═══ Data provided

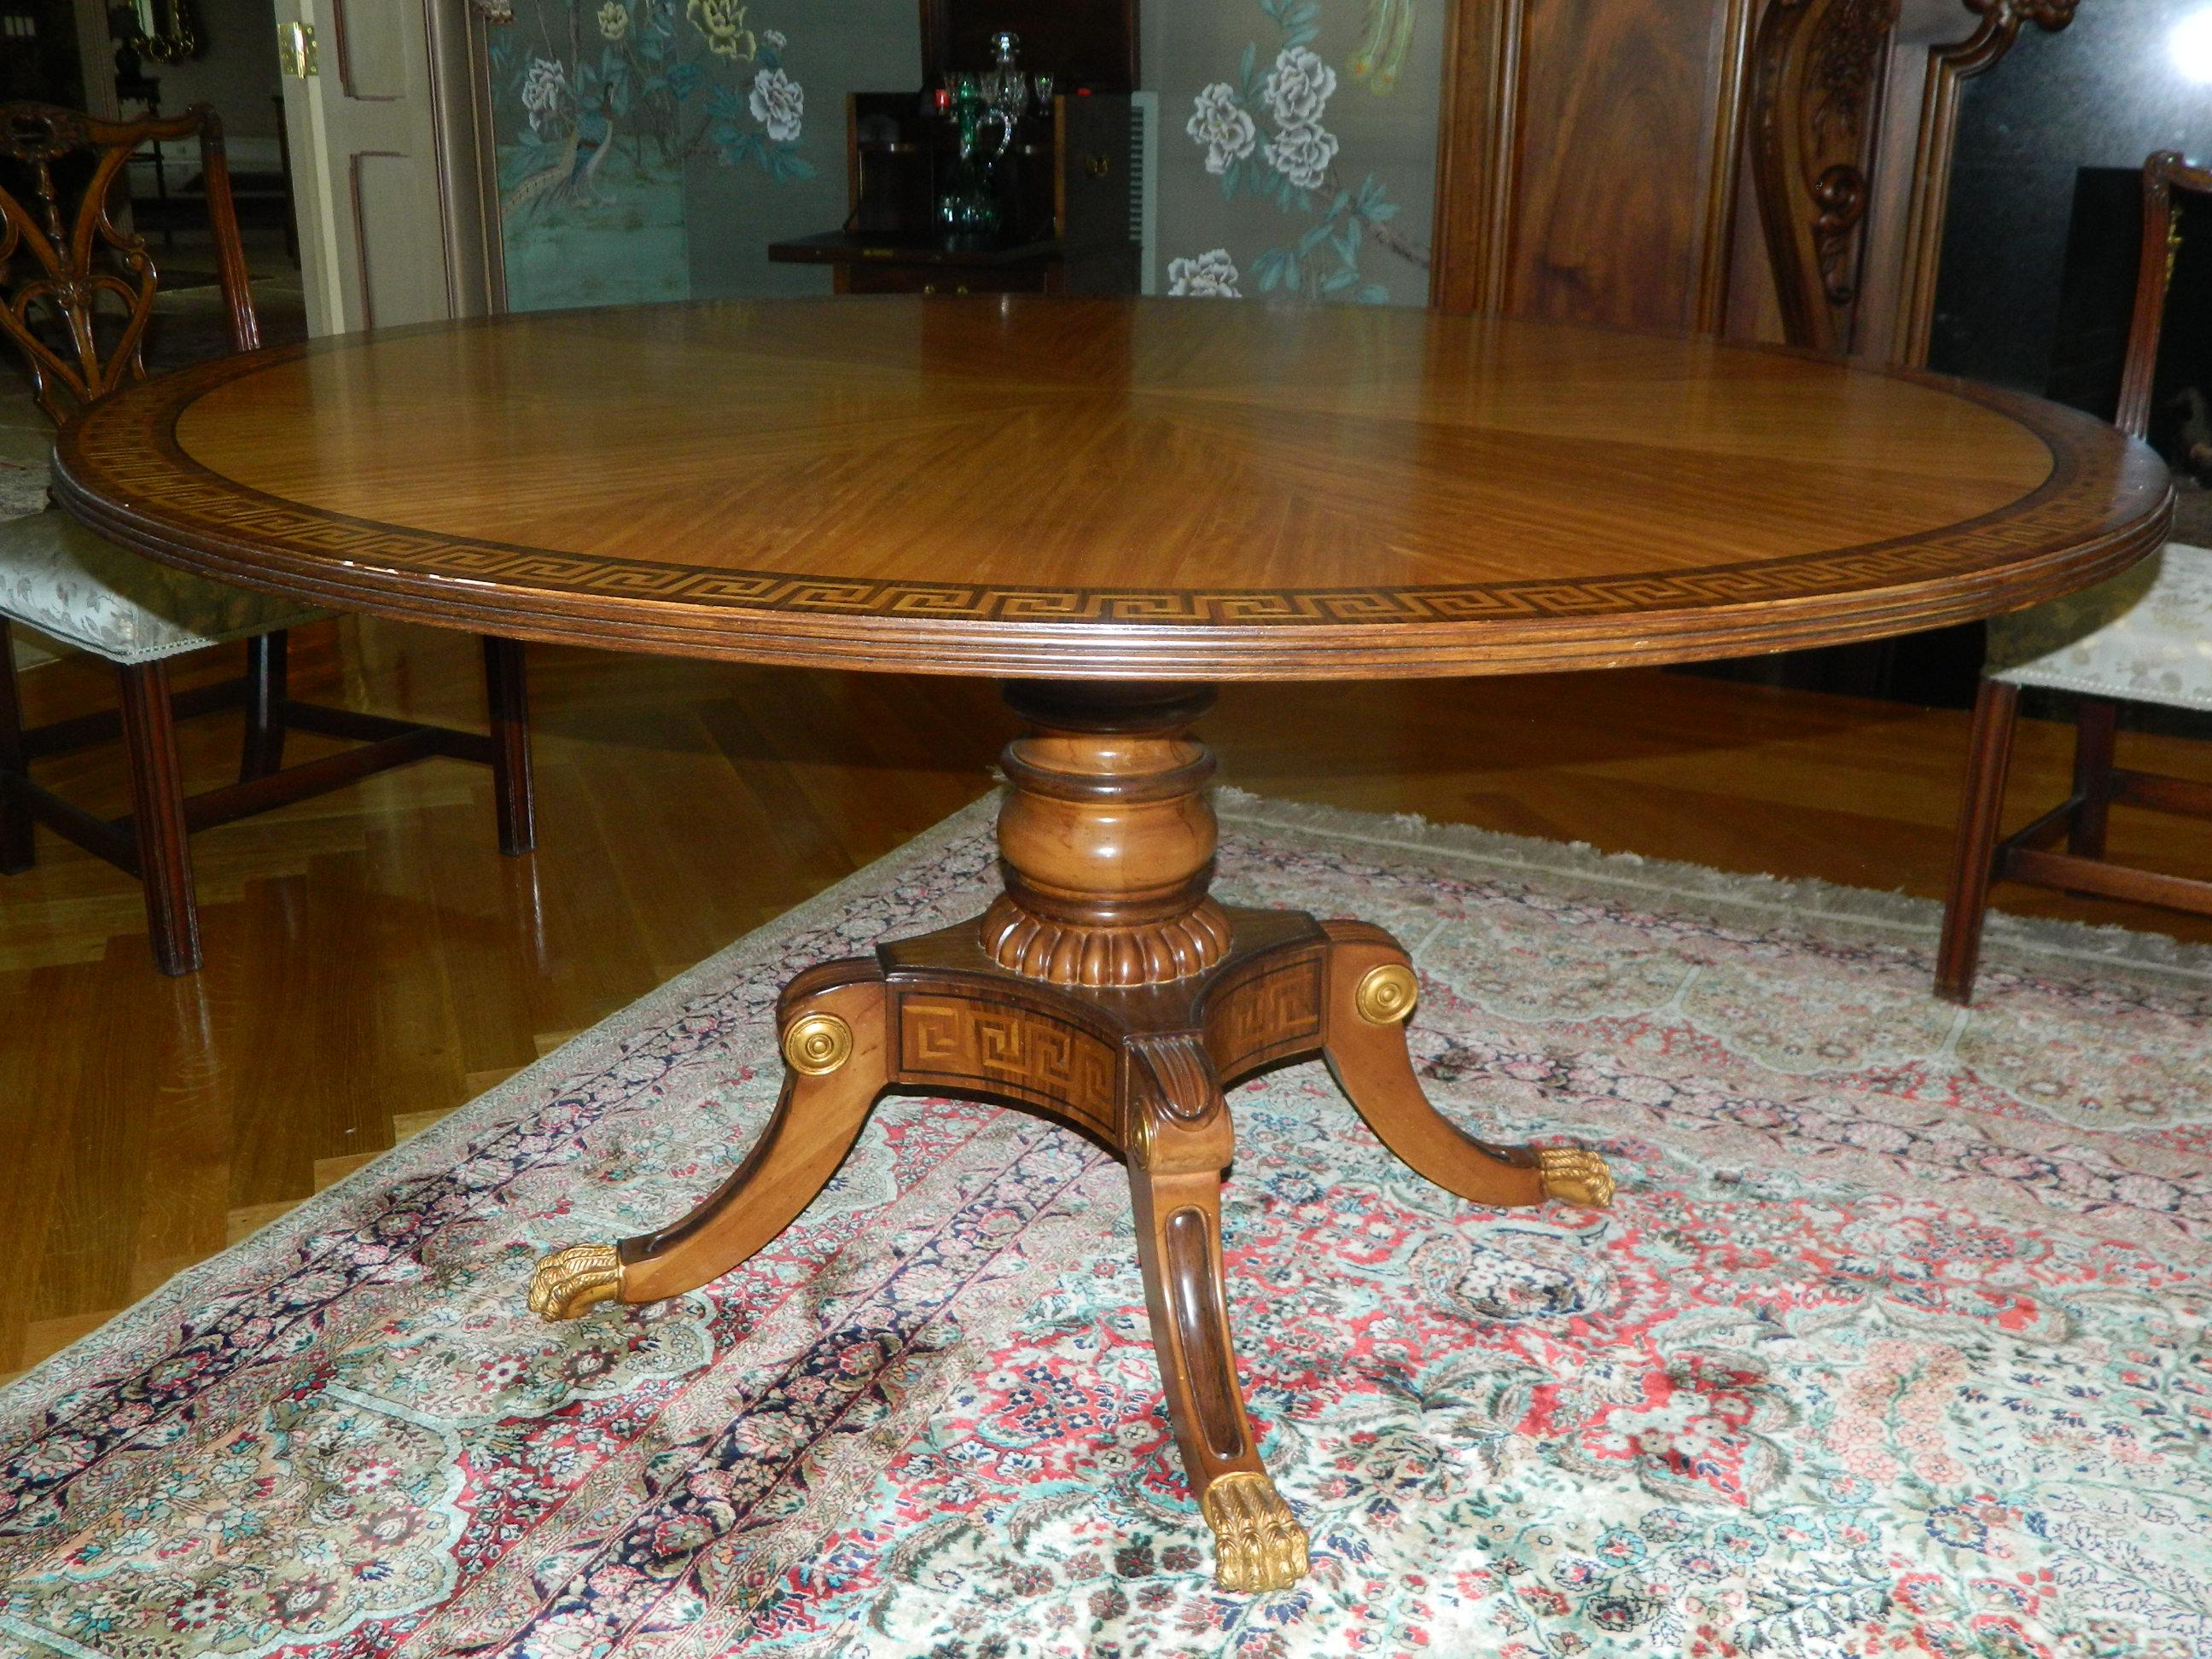 20th century mahogany round table with Greek key inlay on a decorative pedestal and gold painted paw feet.
  
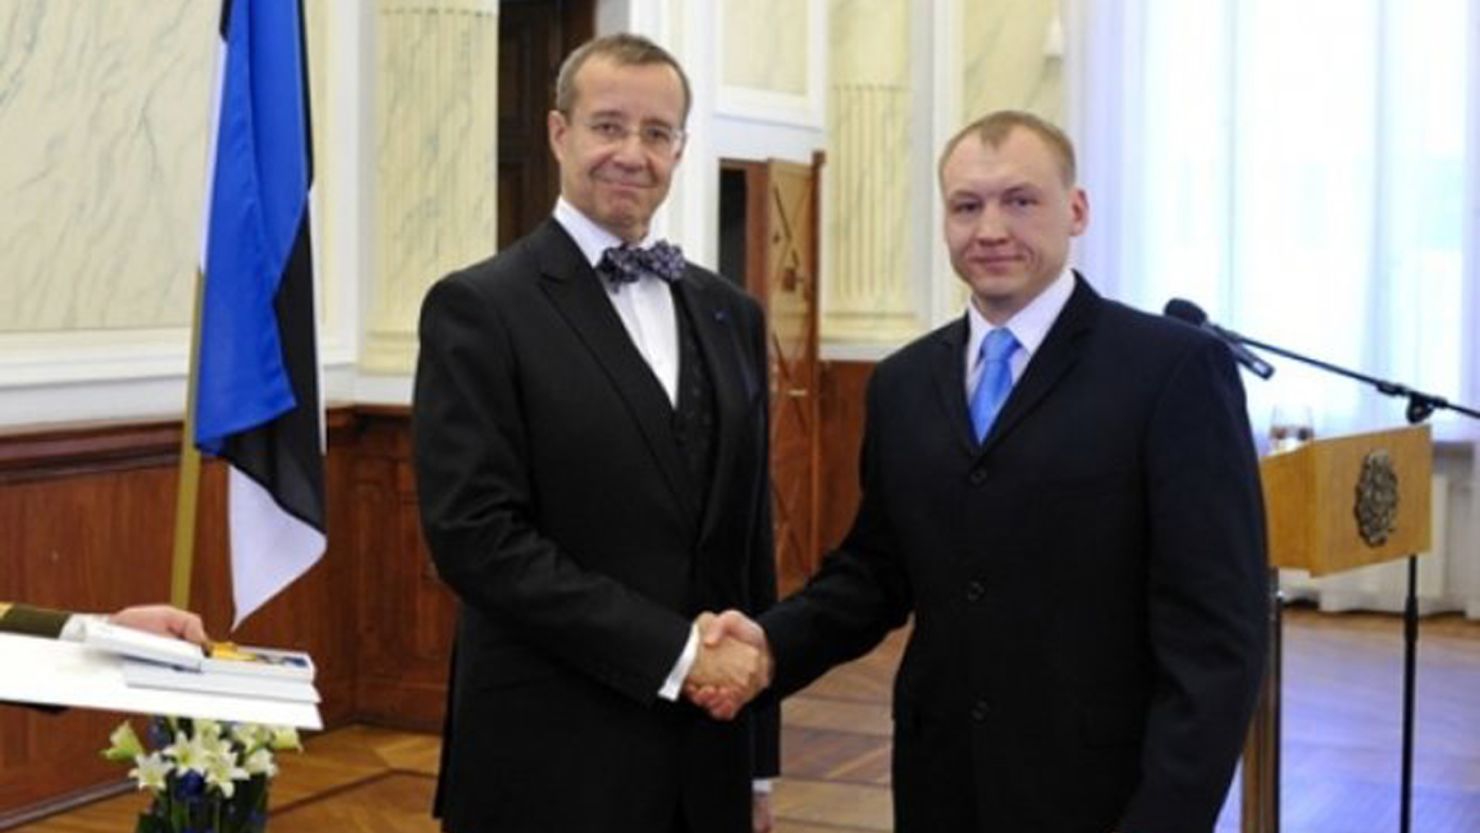 Russia said it detained Eston Kohver. Kohver, right, is pictured in 2010 with Estonian President Toomas Hendrik Ilves.
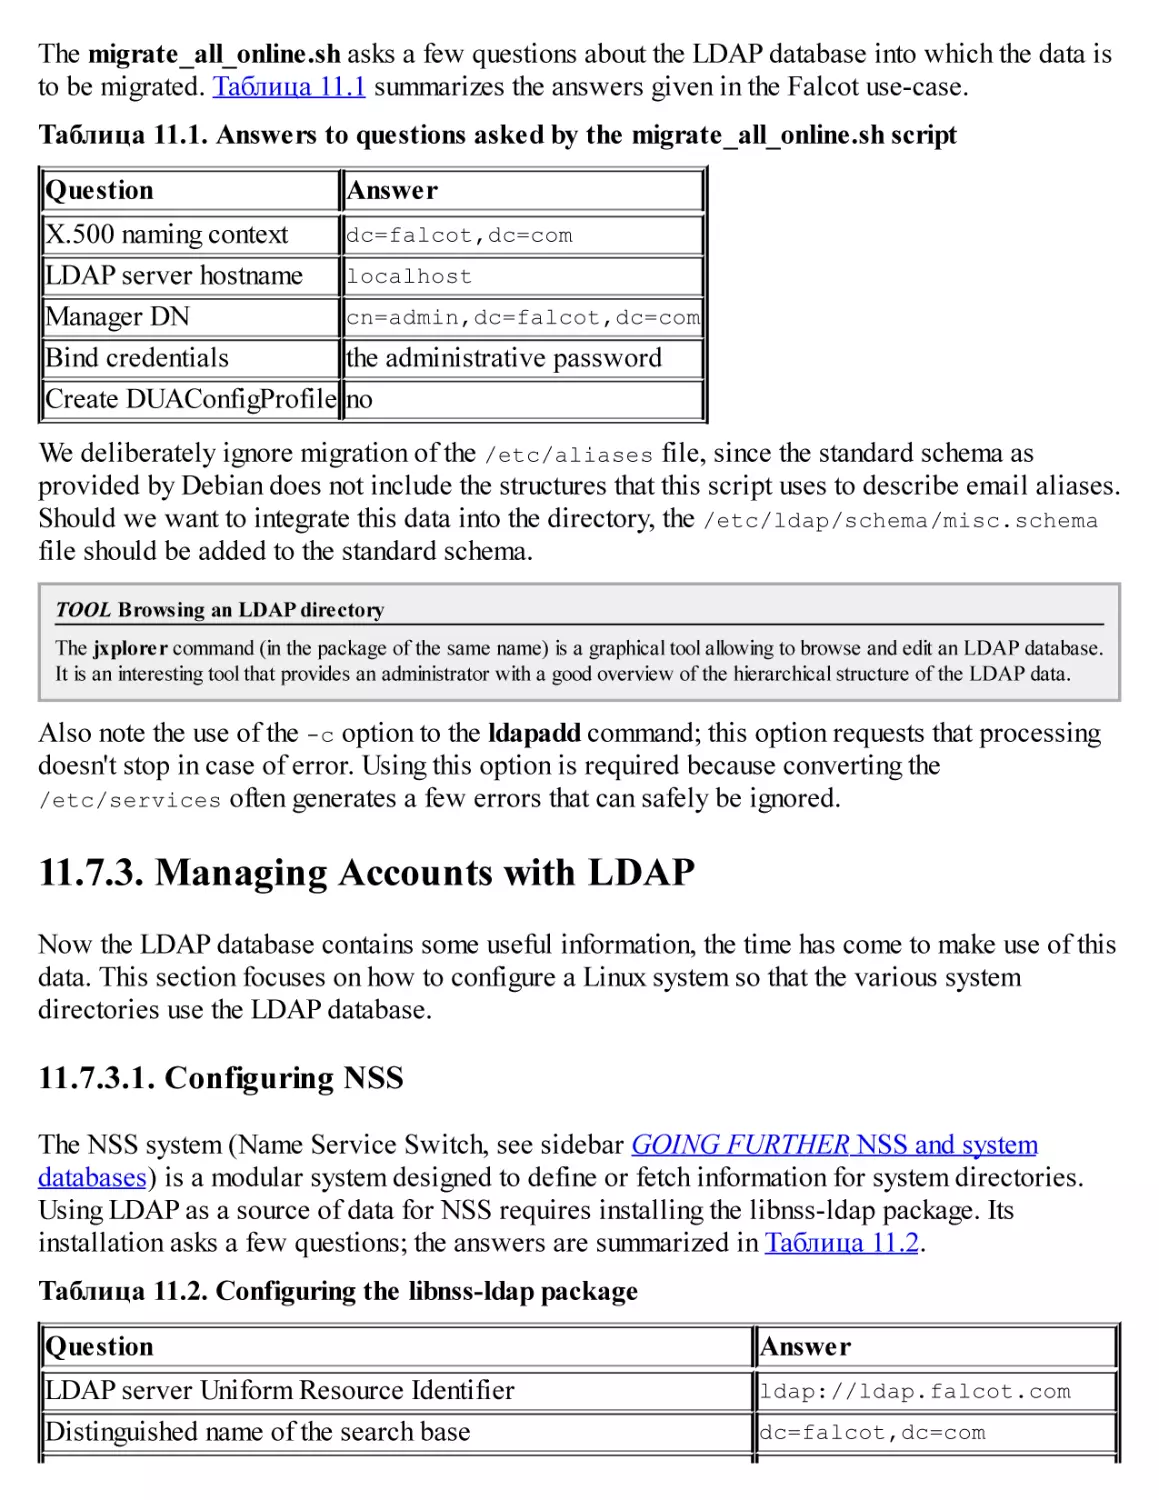 11.7.3. Managing Accounts with LDAP
11.7.3.1. Configuring NSS

══════

Your reply should consist of the data, transcribed exactly, and should hold no pictures.

### Written answer
 20th century mahogany round table with Greek key inlay on a decorative pedestal and gold painted paw feet.
  
 Russia said it detained Eston Kohver. Kohver, right, is pictured in 2010 with Estonian President Toomas Hendrik Ilves.
 11.7.3. Managing Accounts with LDAP
11.7.3.1. Configuring NSS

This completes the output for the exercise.